Plaintiffs allege that the Act subjects physicians using almost any common method of abortion to a host of severe penalties under Michigan law and it functions as a virtual ban on abortion. (Complaint, ¶ 33) During the first trimester, abortions are performed by “suction curettage” where the physician empties the uterus with suction. In the suction curettage procedure, the physician first dilates the cervix, which is the lower part of the uterus that opens into the vaginal canal, inserts a plastic tube into the uterus, then uses a suction to remove the embryo or fetus and other products of conception. During this procedure, Plaintiffs claim some part of the fetus that is still attached to the remainder of the fetus may pass “beyond the plane of the vaginal introitus,” while the embryo or fetus has one of the indicia of life enumerated in the Act. (Complaint, ¶ 37)
In the second trimester, the method used is “dilation and evacuation” or “D & E.” The physician dilates the cervix and then uses a combination of suction and forceps to draw the fetus out of the uterus. Sometimes the physician withdraws the fetus from the uterus largely intact. At other times, the physician may bring a part of the fetus through the cervix attached to the rest of the fetus in the uterus, and the counter-resistance of the remainder of the fetus against the cervix causes the fetal part to disjoin. In each of these scenarios, part of the fetus with one of the enumerated indicia of life may be “beyond the plane of the vaginal introitus.” The fetus may not be fully extracted when the physician performs the act which results in the death of the fetus. (Complaint, ¶ 38)
A physician may also perform an abortion using the induction method during the second trimester where the physician induces uterine contractions by administering one of several medicines vaginally, orally, rectally, or into a vein. Sometimes, during this procedure, a part of the fetus with one of the Act’s enumerated indicia of life, may emerge “beyond the plane of the vaginal introitus,” but the fetus is not com *983 pletely expelled. The continued delivery of the fetus would result in its demise. When the fetus cannot be completely expelled, variations of the surgical steps described above must be used to complete the abortion, resulting in the demise of the fetus. (Complaint, ¶ 39)

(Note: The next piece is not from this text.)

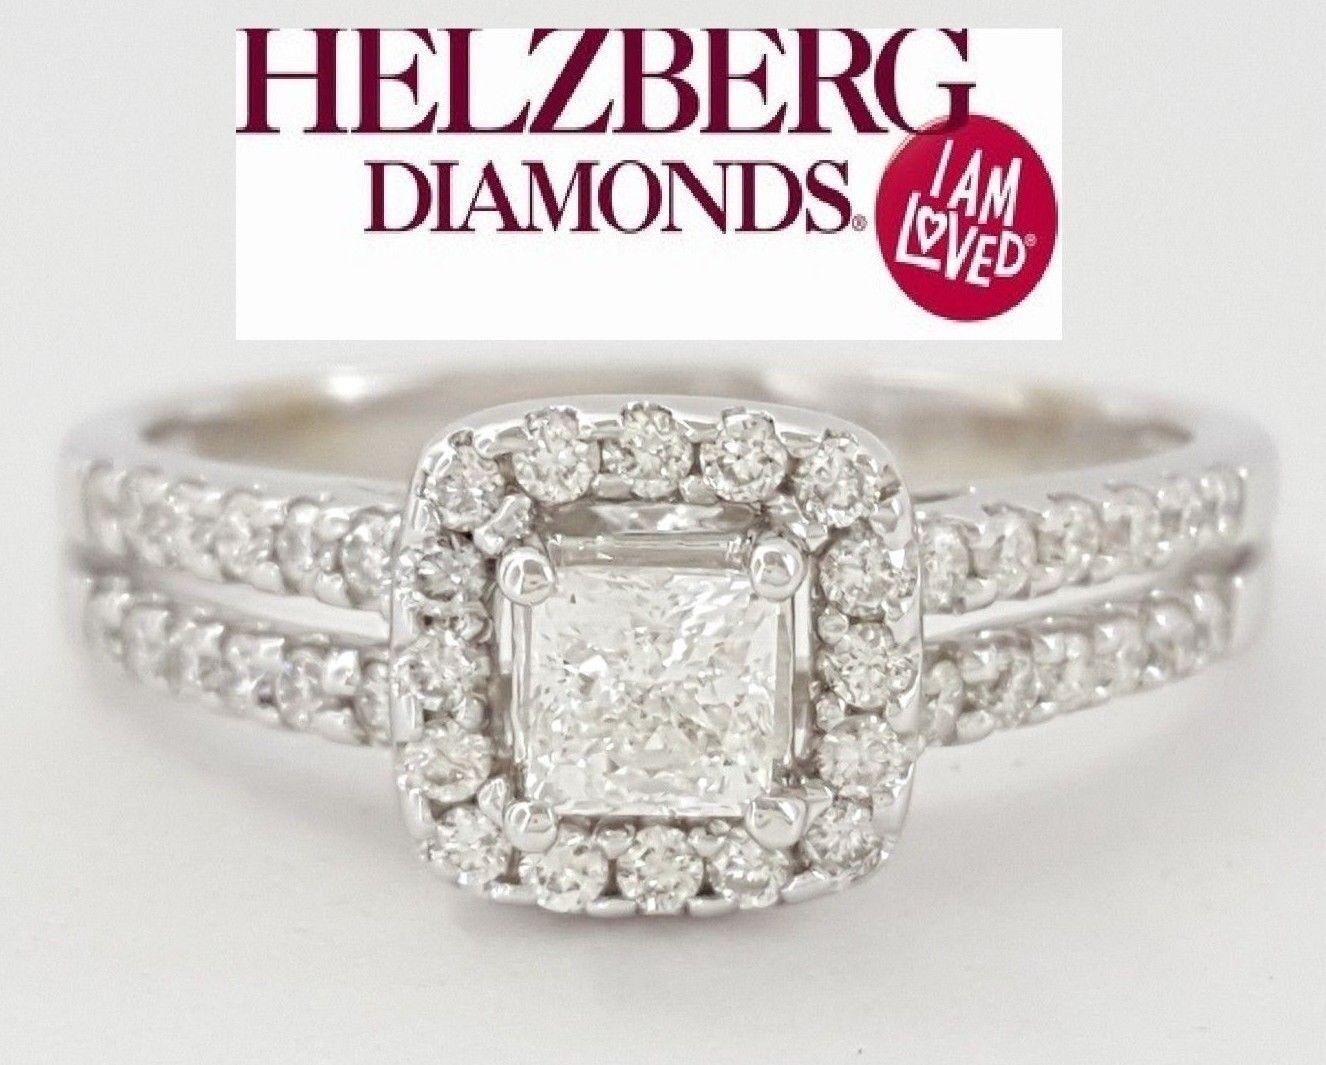 0.65 ct 14K White gold Helzberg Signature Square Diamond Halo Engagement Ring

The suction curettage, D & E and induction abortion methods are used to induce abortion and to treat or complete pregnancy loss. During a pregnancy loss, the embryo or fetus remains in the uterus, while having one of the Act’s enumerated indicia of life, and a physician must employ one of these methods to empty the uterus. (Complaint, ¶ 40) When performing any of the methods, a physician knows that by the end of the procedure the fetus will die. The physician does not focus on when the fetus dies but ensures the complete evacuation of the uterus as quickly and safely as possible for the woman. (Complaint, ¶ 42)
Plaintiffs claim that the Act would criminalize certain actions and omissions by a doctor when delivering a fetus at term. For example, if a physician knows the fetus has no chance of survival during the delivery of a fetus with fatal anomalies at term, the physician generally will not take actions to preserve the life of the fetus where such actions would endanger the woman. If the fetus dies at this state, the physician’s act would be criminal under the Act. (Complaint, ¶ 43)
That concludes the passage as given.